Posted on Monday, April 30, 2007 at 06:15AM by Registered CommenterJ. Robert Brown | CommentsPost a Comment

It has been a bad couple of weeks for opponents of SOX. 

Last week, the Dow Jones Average surged over 13,000, setting a record three days in a row.  This is a long way from the dot com low Dow fell  to 7286.27 on October 9, 2002.  The reasons for the record highs?  SOX no doubt played a role by allaying investor concerns about dodgy financial statements.  The level of credit, however, is impossible to determine.  Still, for those opposed to the Act, this is a tough fact to swallow.

Similarly, on Tuesday, the US Senate rejected, by a vote of 62-35, an attempt to add an amendment to some nondescript legislation (The sponsor, Senator DeMint, tried to add it to America Creating Opportunities to Meaningfully Promote Excellence in Technology, Education, and Science Act, S. 761) to make Section 404 optional for companies with a market value of less than $700 million.  The text of the amendment is here.  The breakdown of the vote?  One democrat favored the amendment (Landrieu, D-LA)  while 13 republicans voted against it (McCain did not vote).  

For critics of SOX, this is bad news.  In adopting SOX, Congress largely rejected the view that corporate law was a race to the top and that corporations were best envisioned as a nexus of contracts, two views that prevail among corporate law faculty.  My article discusses the rejection of these views as one explanation for the often shrill attacks made on SOX.  Opponents have largely been reduced to criticism of Section 404 and the costs associated with implementation (often by overstating the costs and understating the benefits of the provision).  The vote on Tuesday shows that there is little interest in Congress to change even this one provision.

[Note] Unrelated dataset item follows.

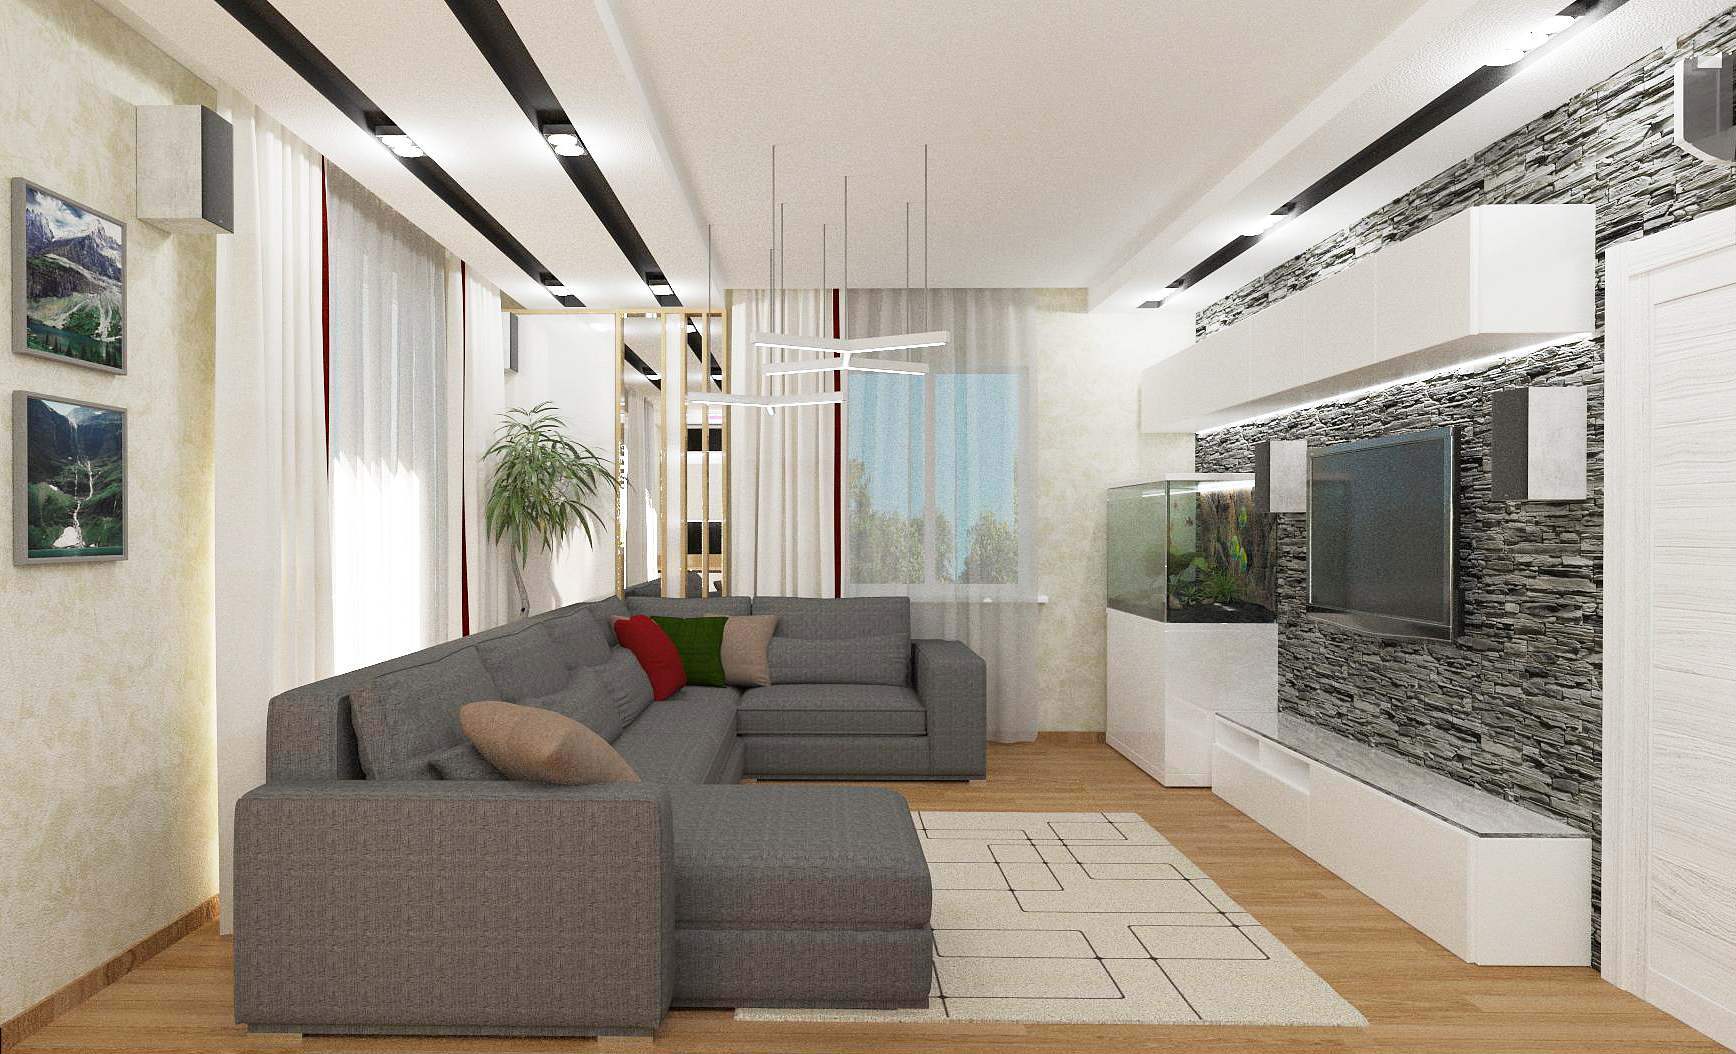 Интерьер гостиной с зонированием, проходной, балконом, open space и переговорной
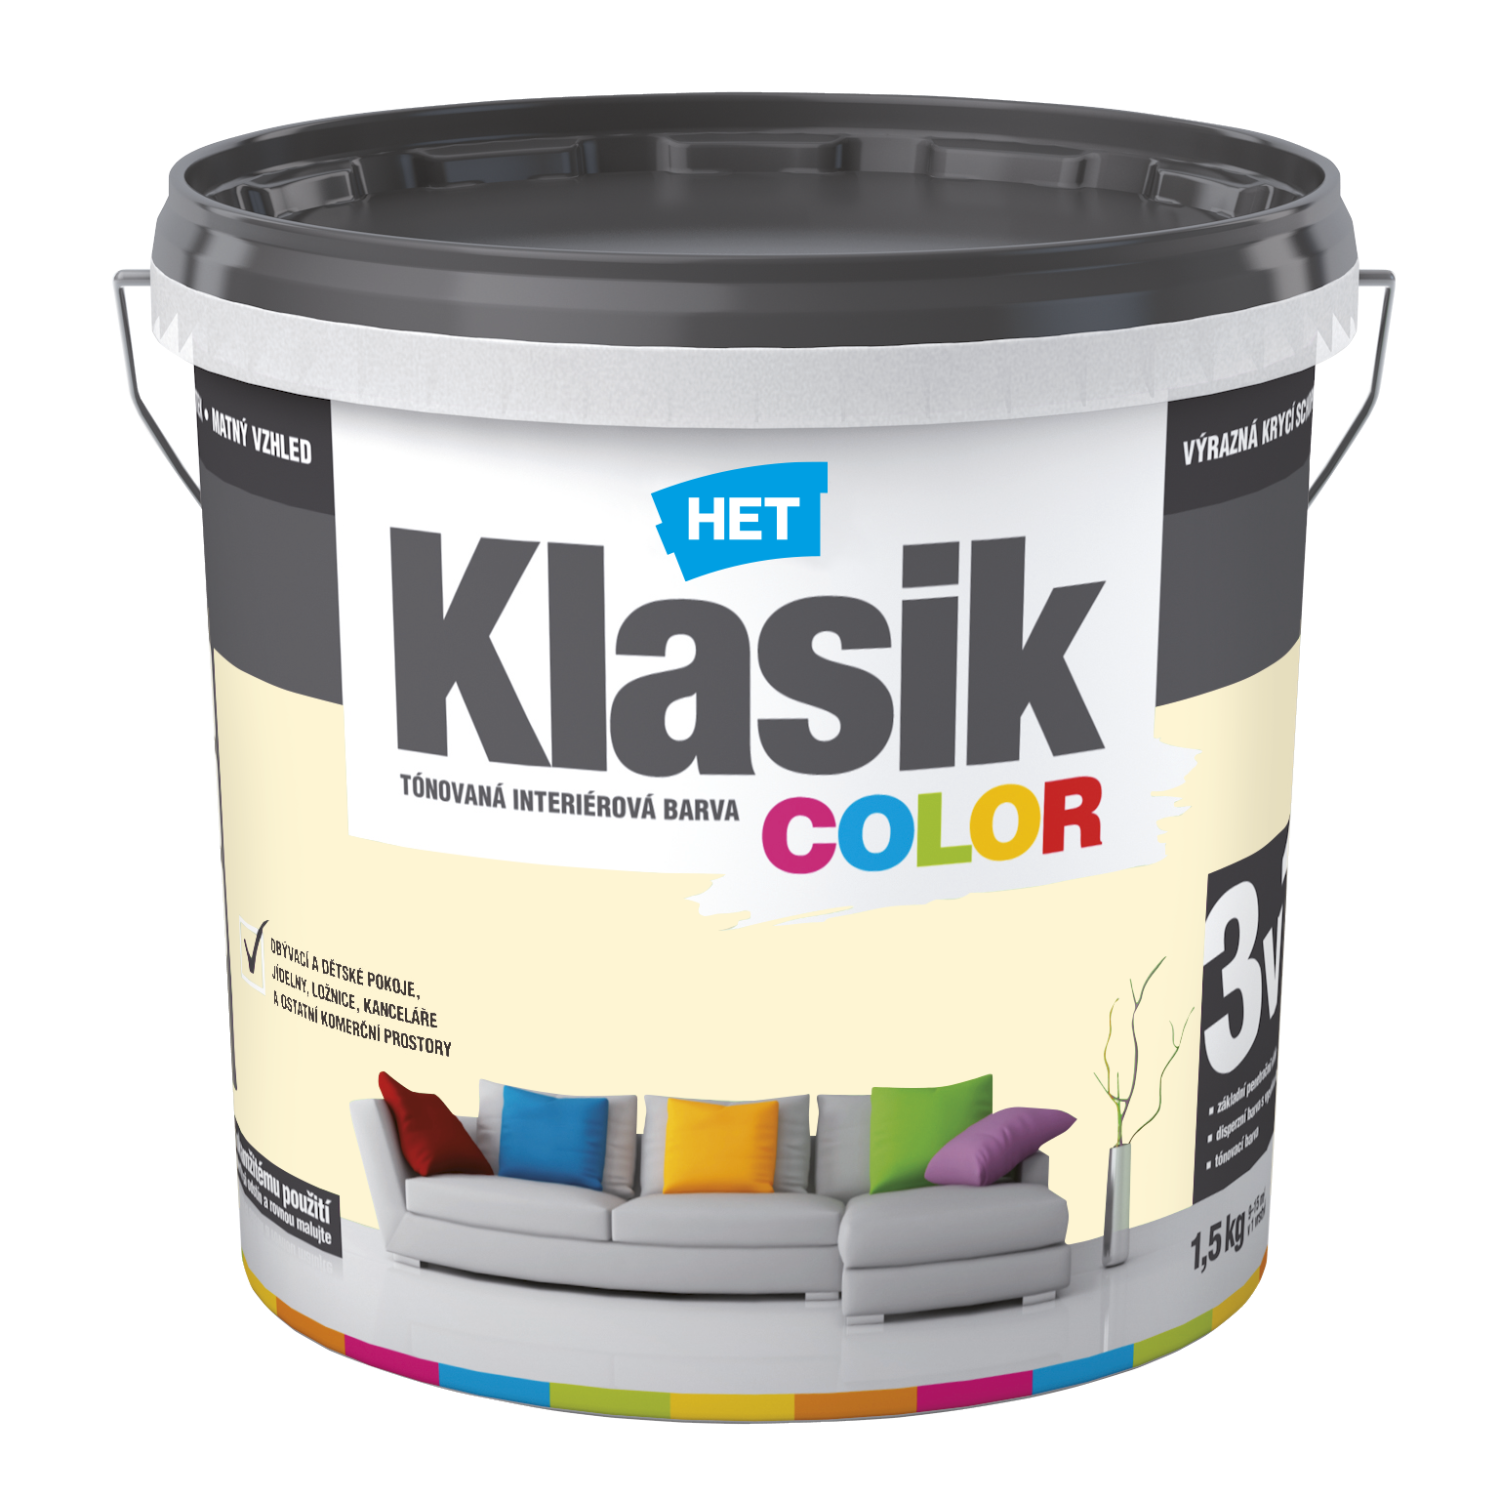 HET Klasik COLOR tónovaná interiérová akrylátová disperzná oteruvzdorná farba 1,5 kg, KC0667 - žltý vanilkový

Finally, in a topic that we will address shortly, the House of Representatives late last week overwhelmingly passed the Shareholder Vote on Executive Compensation Act, H.R. 1257. The Act would amend Section 14 of the Exchange Act to require a “separate shareholder vote to approve the compensation of executives,” although the vote would “not be binding on the corporation”.  While not directly related to SOX, it represents yet another effort by Congress to insert the Securities and Exchange Commission more deeply into the substance of corporate governance.  For an essay on the SEC's role in the governance process, go here.  There would be no reason to do this if Congress saw the evolution of state law as a race to the top.  The vote, therefore, represents another instance of rejection of the nexus of contracts approach to corporations, the reigning view within the corporate law academic community, and an acceptance of the evolution of corporate law as a race to the bottom.  This is not the first time Congress had done this.  Congress took the same positions when it adopted SOX.  Go here for more on that subject.   

As our series of posts on the responsibility of Delaware for SOX shows, the best way to prevent further federal intervention into the corporate governance process is to encourage states to strengthen fiduciary obligations.  Critics of SOX do the opposite.